Hmmm. Hoyt argues that this qualified as a normal story, not the three-alarm variety. He reached that conclusion even though (a) the University of East Anglia CRU destroyed its raw data, discuss at length how to destroy evidence for a Freedom of Information request, and dishonestly hid numbers that contradicted their insistence that temperatures were constantly rising. Even Hoyt acknowledges the latter in his missive, even though the New York Times didnt bother to report on the first two aspects of the story. Hoyt seems to argue here that these do not undercut the scientific premise for anthropogenic global warming (AGW), a term which he doesnt even clearly specify.
Do scientists routinely get petty and defensive? Probably. Do they routinely cheat around the edges and still maintain credibility? I would consider that a strange argument. If science cheats, it ceases being science. And in this case, it was hardly cheating around the edges. It was a full-bore effort to professionally ruin anyone who challenged their imposed orthodoxy while conspiring to hide contradictory data and flat-out make up numbers to artificially support their case. And the CRU destroyed their raw data, which for any scientific endeavor isnt at the edges of their work, but is the central core to their work.

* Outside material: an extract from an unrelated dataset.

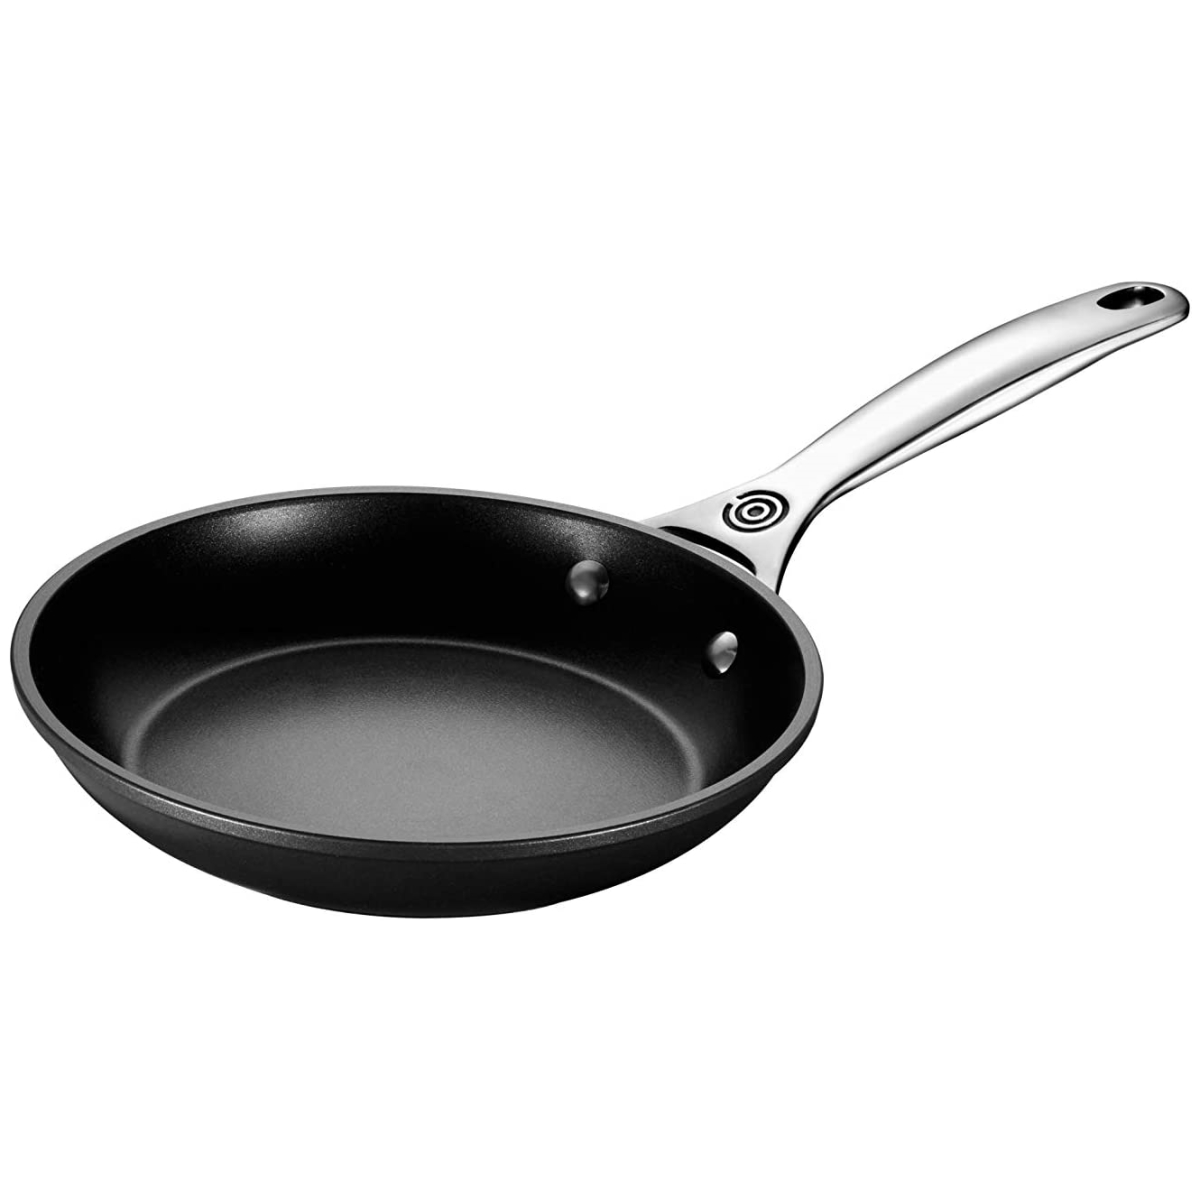 Carbon Steel- The Pro's All-Purpose, Nonstick Cookware of Choice

Even by Hoyts standards, thats a three-alarm story.
Hoyt doesnt fare much better when it comes to the question of publishing the e-mails. Reporter Andrew Rivkin hilariously asserted last week that the Times refused to publish them because they were never intended for public scrutiny:
The documents appear to have been acquired illegally and contain all manner of private information and statements that were never intended for the public eye, so they wont be posted here.
Hoyt tries rescuing that statement:
As for not posting the e-mail, Revkin said he should have used better language in his blog, Dot Earth, to explain the decision, which was driven by advice from a Times attorney. The lawyer, George Freeman, told me that there is a large legal distinction between government documents like the Pentagon Papers, which The Times published over the objections of the Nixon administration, and e-mail between private individuals, even if they may receive some government money for their work. He said the Constitution protects the publication of leaked government information, as long as it is newsworthy and the media did not obtain it illegally. But the purloined e-mail, he said, was covered by copyright law in the United States and Britain.
Thats a rationalization on two fronts. First, the University of East Anglia is a public university, not a private university. Next, copyright law has a fair-use exception which newspapers and other media have used for decades. No one questioned why the Times didnt print every last e-mail in the set. But they could have published the more substantial e-mails that showed the fraud and deception in order to better inform its readers, especially since other outlets showed more courage than the Times and had already exposed the internal messages.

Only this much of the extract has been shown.